We stared to treat his renal failure by multi-disciplinary treatments based upon the therapeutic evidences for CKD.

We started to use sodium bicarbonate because he showed metabolic acidosis due to uremia. We also started to use spherical carbonaceous adsorbent which adsorbs indole, the precursor of indoxyl sulfate (IS), uremic toxin. Very recently, the treatment with finerenone, a nonsteroidal, selective mineralocorticoid receptor antagonist, has been shown to lower risks of CKD progression and cardiovascular events than placebo in patients with CKD and type 2 diabetes [6]. Therefore, we started the treatment with finerenone. He showed elevated hyperuricemia (serum uric acid (UA), 7.9 mg/dL). High-evidenced studies suggest a pathogenic role of hyperuricemia in the development of CKD [7]. To treat his hyperuricemia, we started to use dotinurad, a novel selective urate reabsorption inhibitor (SURI), which reduces serum UA levels by selective inhibition of urate transporter 1 (URAT1) [8].

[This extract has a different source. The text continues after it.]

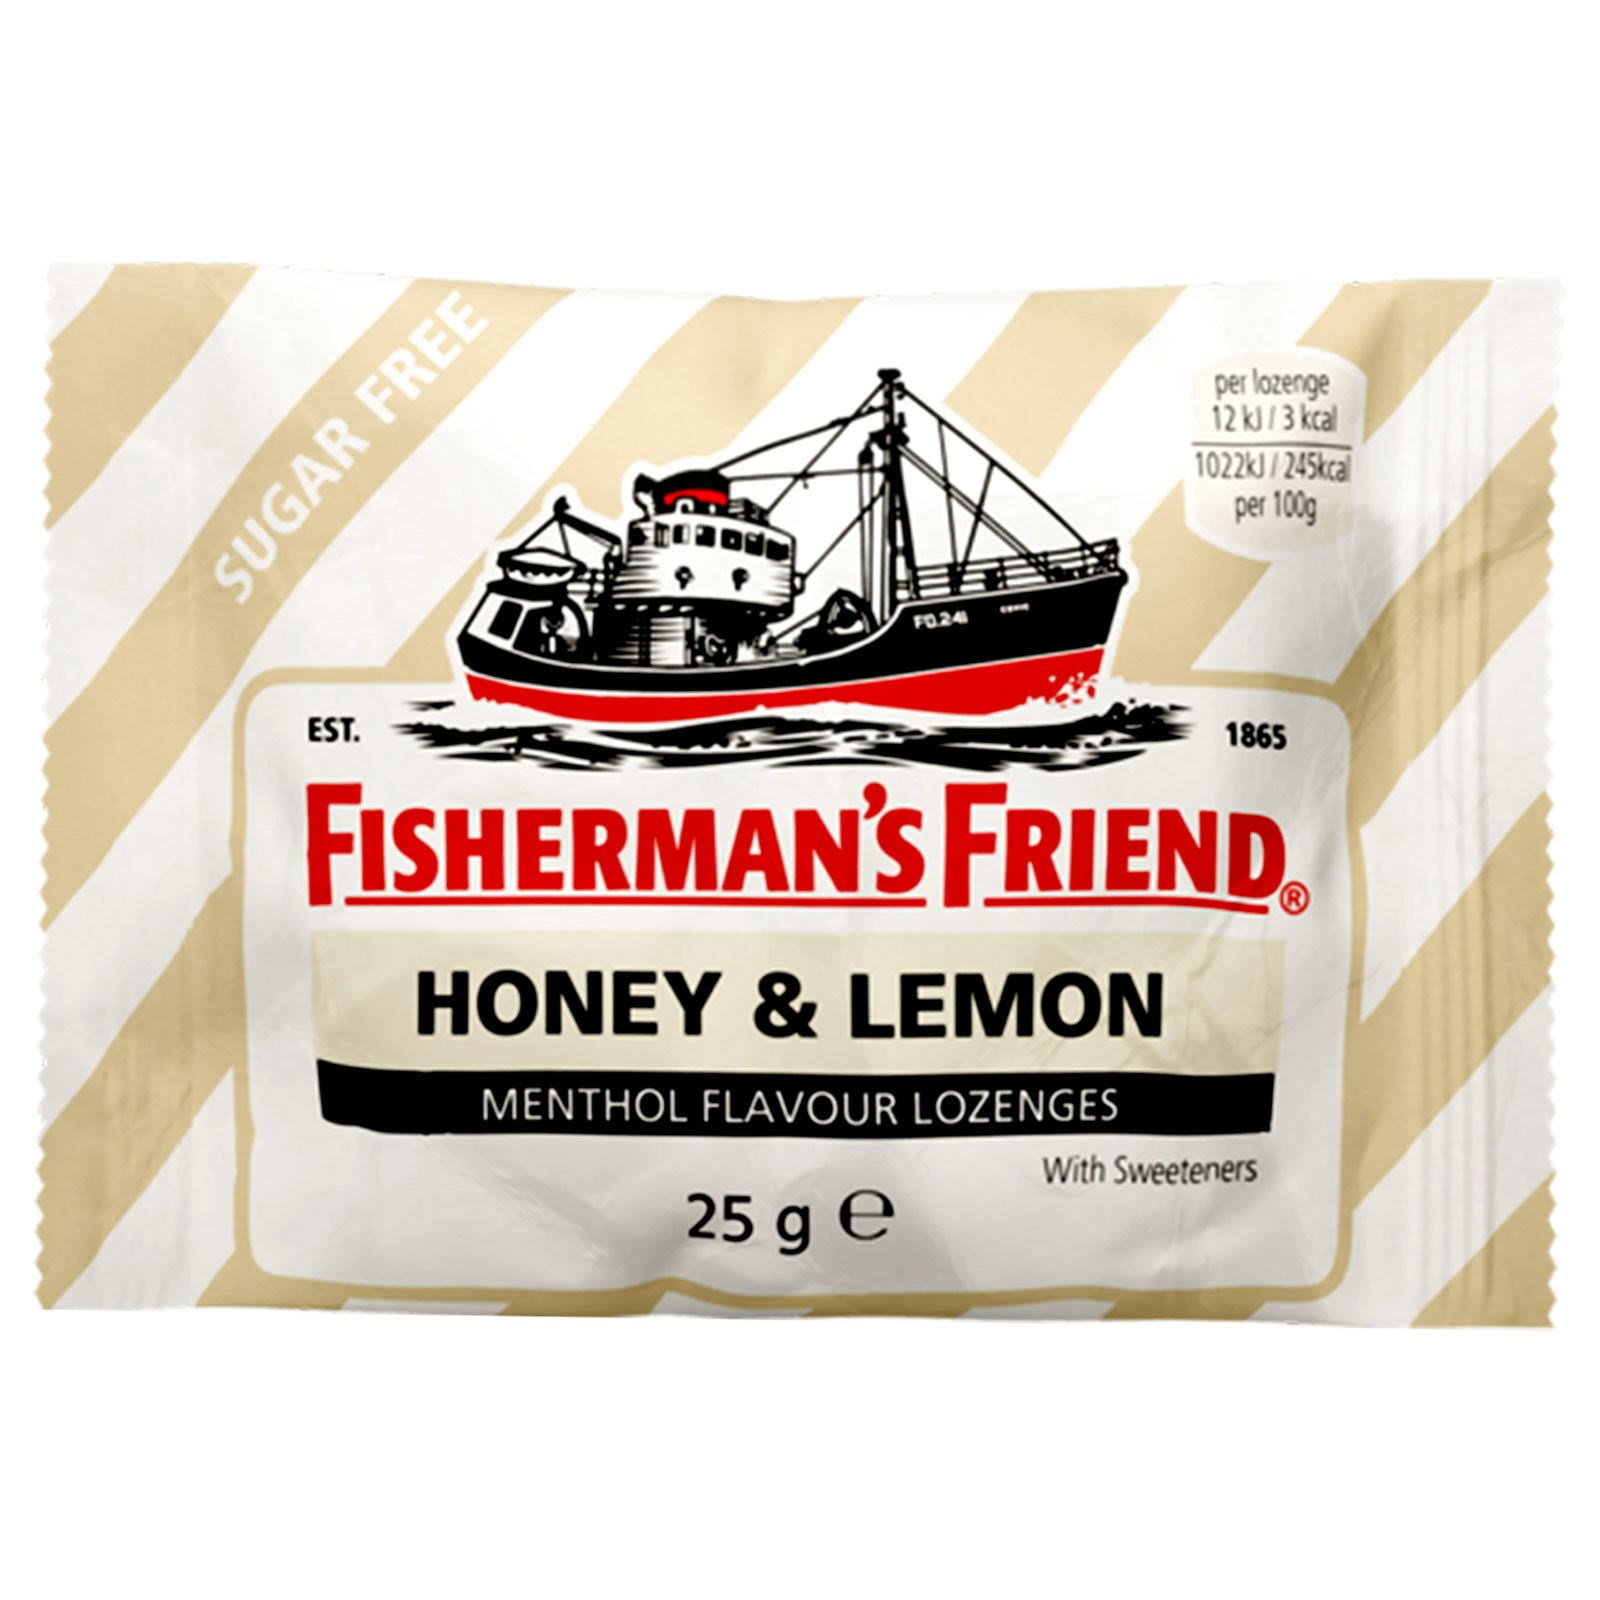 Fisherman's Friend Honey & Lemon Lozenges Pack of 24

Changes in eGFR, BUN and urate are shown in Figure 2. The start to use sodium bicarbonate, spherical carbonaceous adsorbent and finerenone promptly reduced BUN and increased eGFR. Dose-up of finerenone and the start of dotinurad further decreased BUN and increased eGFR. Dose-up of dotinurad further decreased BUN and increased eGFR with decreased UA.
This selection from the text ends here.